A population refers to the entire group of persons or objects that is of interest to the researcher, in other words, that meets the criteria that the researcher is interested in studying [7]. For the purposes of this study, the target population consisted of women of child bearing age attending health services at Engela clinic. According to the medical register between 20 to 30 women attained health services at the clinic. This implies that between 600-900 mothers utilize health services at Engela clinic. Thus, the population of the study
Researchers can often not study whole populations due to time and cost constraints. Thus, a portion or sample of that population is subjected to research. For the purpose of this study, the researcher will use convenience sampling to select respondents. According to, Brink, Van de Walt and Van Rensburg [8]. convenience sampling is also referred to accidental or availability sampling involves the choice of readily available participants. This is the best way of choosing a sample in this type of study because the researcher can choose to distribute the questionnaire to the women of the child bearing age that were available at the time of the study.
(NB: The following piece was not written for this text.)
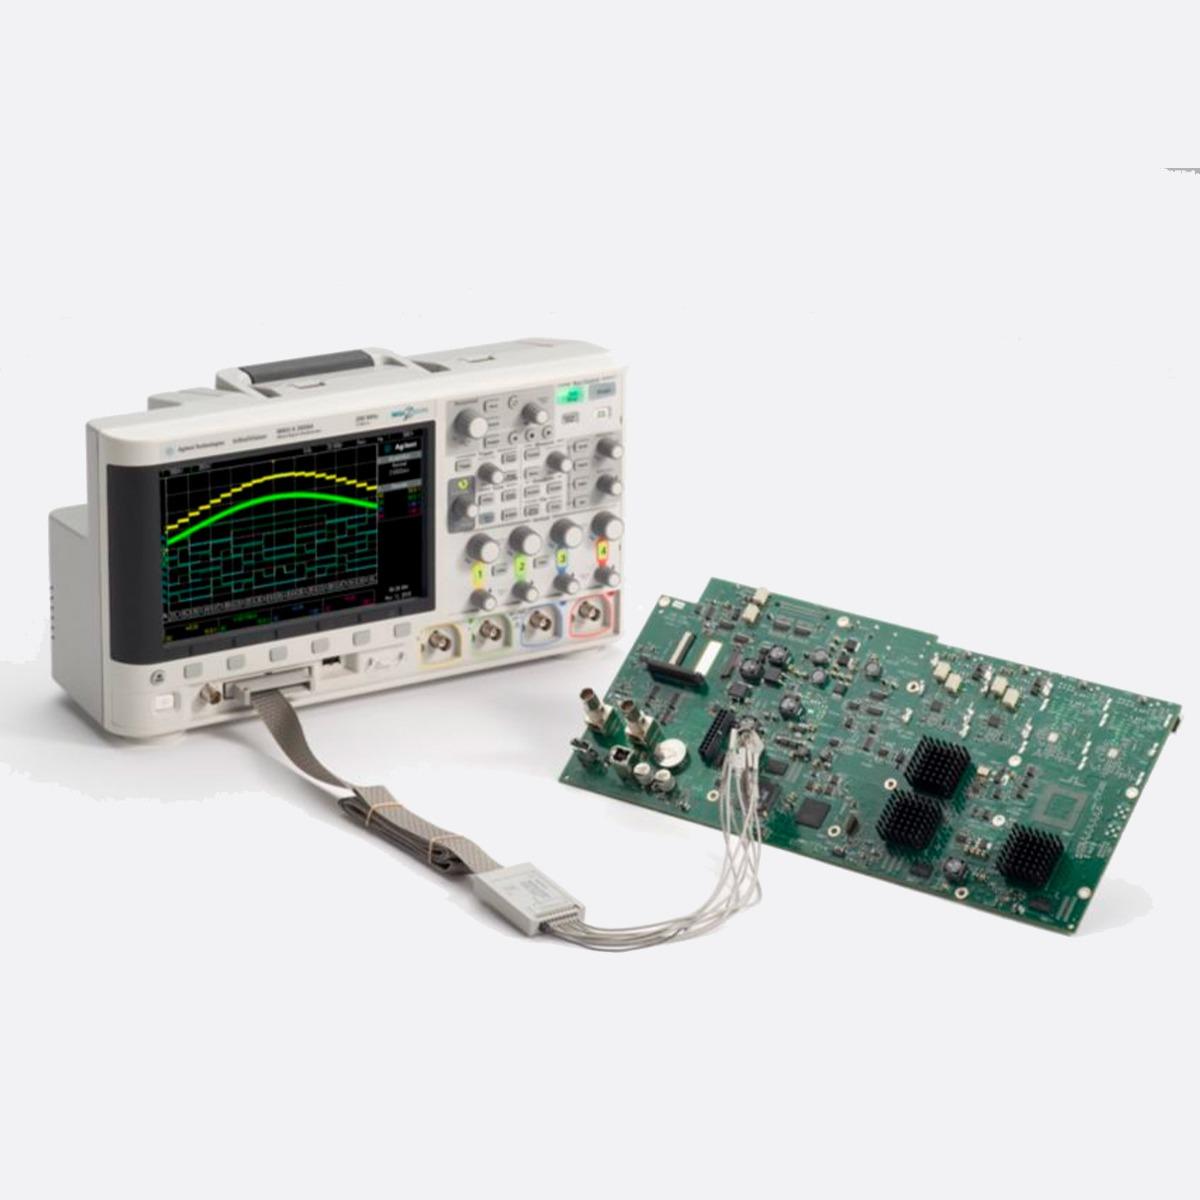 Keysight_MSOX2004A_Connection_Ccontrols

The inclusion criteria were only women of child bearing age aged 18 years and above utilizing medical services at Engela clinic. They were able to freely patriciate in the study
The exclusion create was any mother below 18yaers old and above 49 years old.
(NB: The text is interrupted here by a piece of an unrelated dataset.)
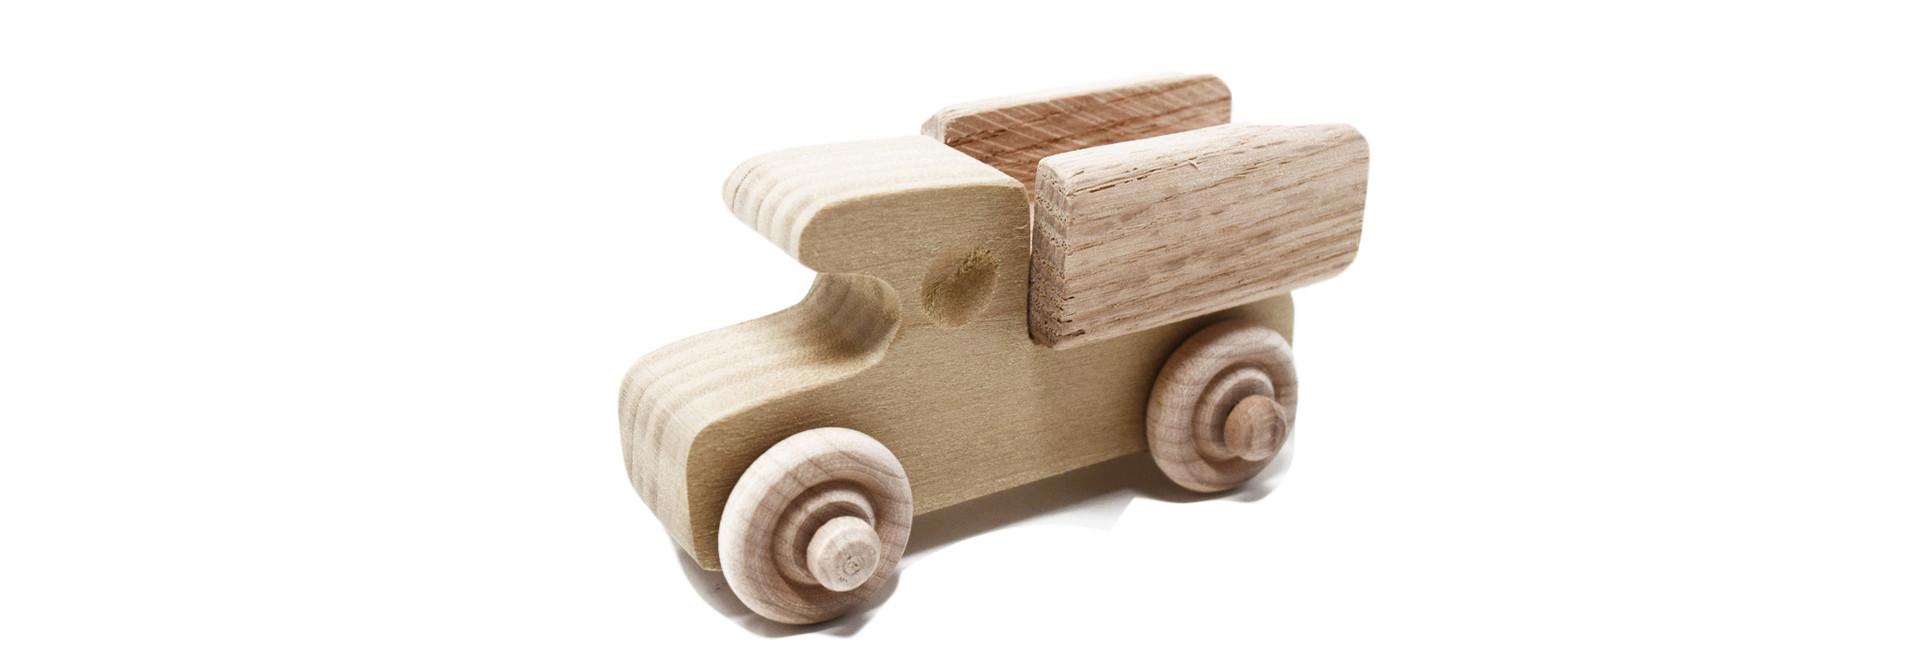 Mini Wooden Pickup Wheel Toy

A sample is a part or fraction of a whole or a subset of a larger set, selected by the researcher to participate in a research study [6].
When dealing with people, it can be defined as a set of respondents (people) selected from a larger population for the purpose of a survey. In this study, the sample size of the respondents is calculated using Raosoft sample size online calculator
Considering margin of error 10%,
Total population of 600 female students
Confidence level of 90%,
Response distribution is 50%
The sample size = 61 respondents
According to Johnson and Keehn the research setting is the location where the research takes place. The study will be conducted at Engela clinic. The clinic offers diagnosis or treatment of patients on an outpatient basis. It also offers immunisation for under-five year old. The clinic has a section of family planning services such as the collection of condoms both male and female condoms. The researcher easily accessed this clinic and it had female condoms in stock.
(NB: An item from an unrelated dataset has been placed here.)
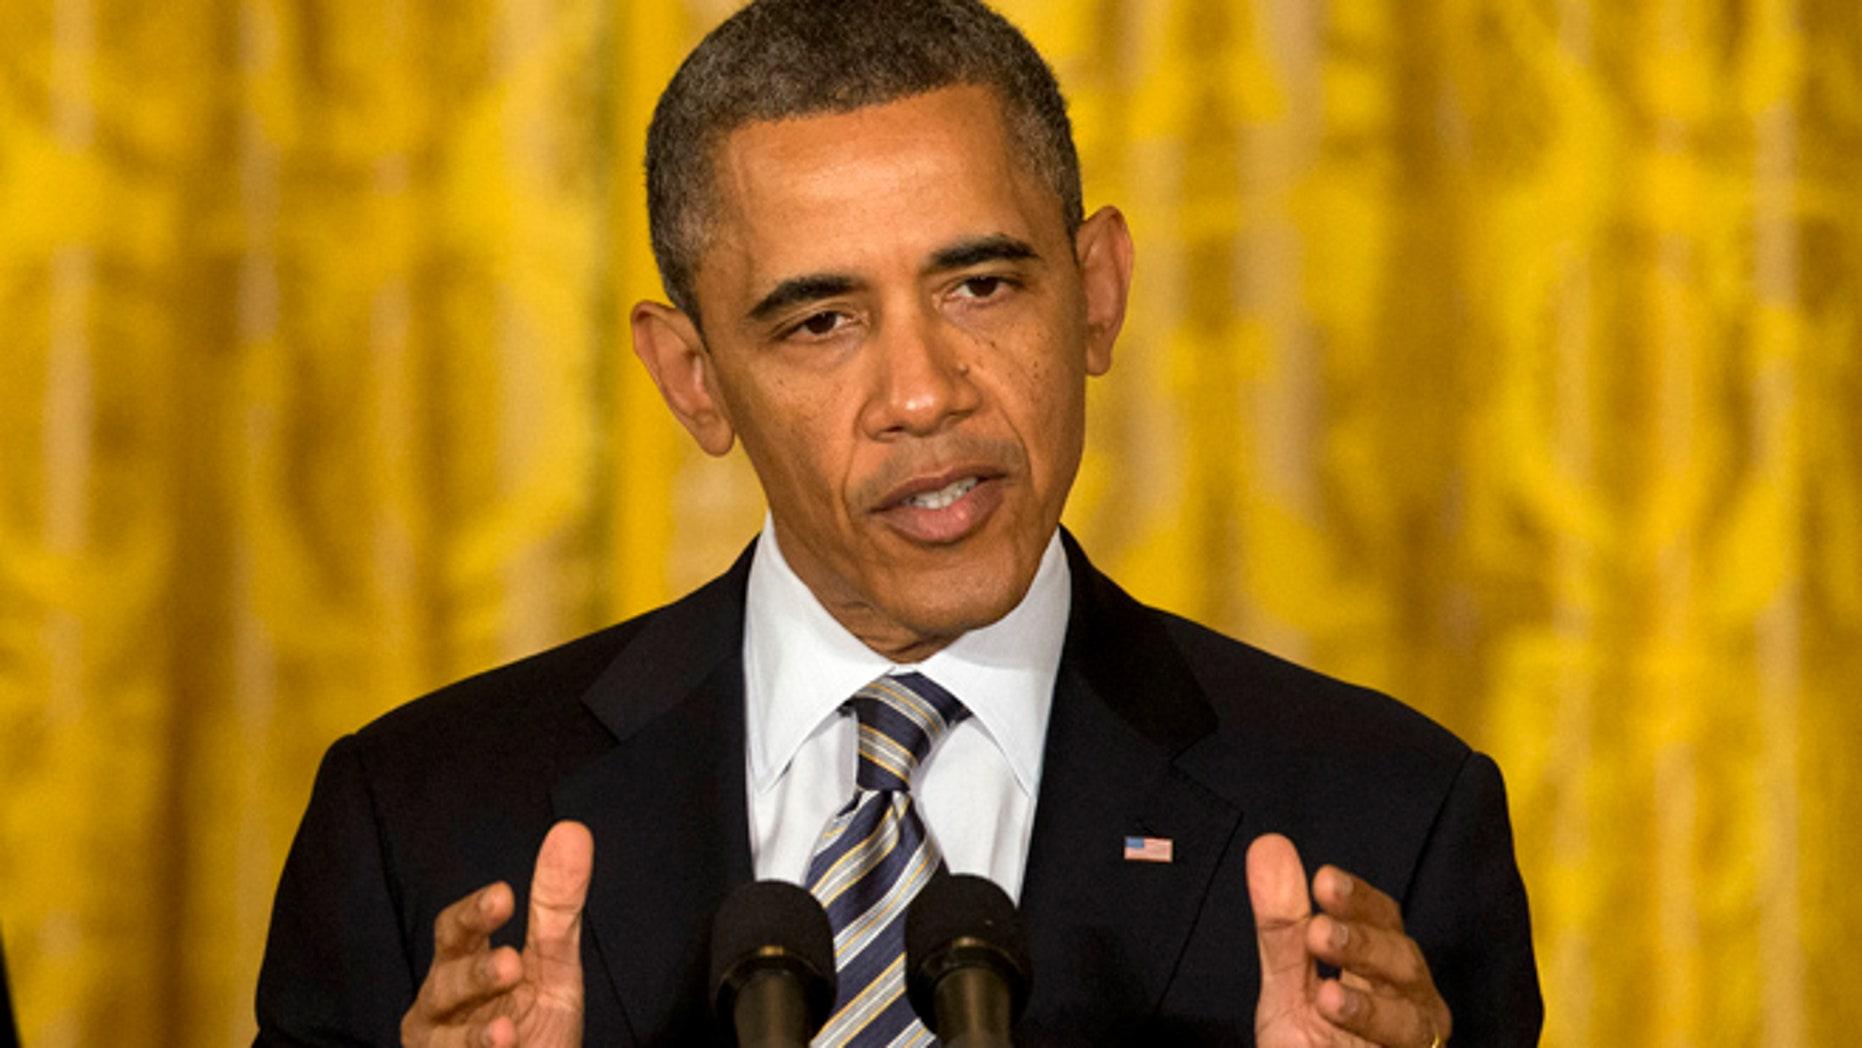 President Obama.

Research instruments are tools that a researcher uses to collect needed data for the research [9]. They comprise of questionnaires, interview guidelines and proceedings. In the case of this study, the questionnaire will be used as the main research instrument. Questionnaires are basically an instrument comprising of a classification of questions for the determination of getting together material from respondents [6]. According to Thomas & Silverman,a questionnaire contains relevant and carefully formulated questions, which enables the investigator to carefully analyse and make good conclusions [9]. The questionnaire is usually printed and is answered by a group of people.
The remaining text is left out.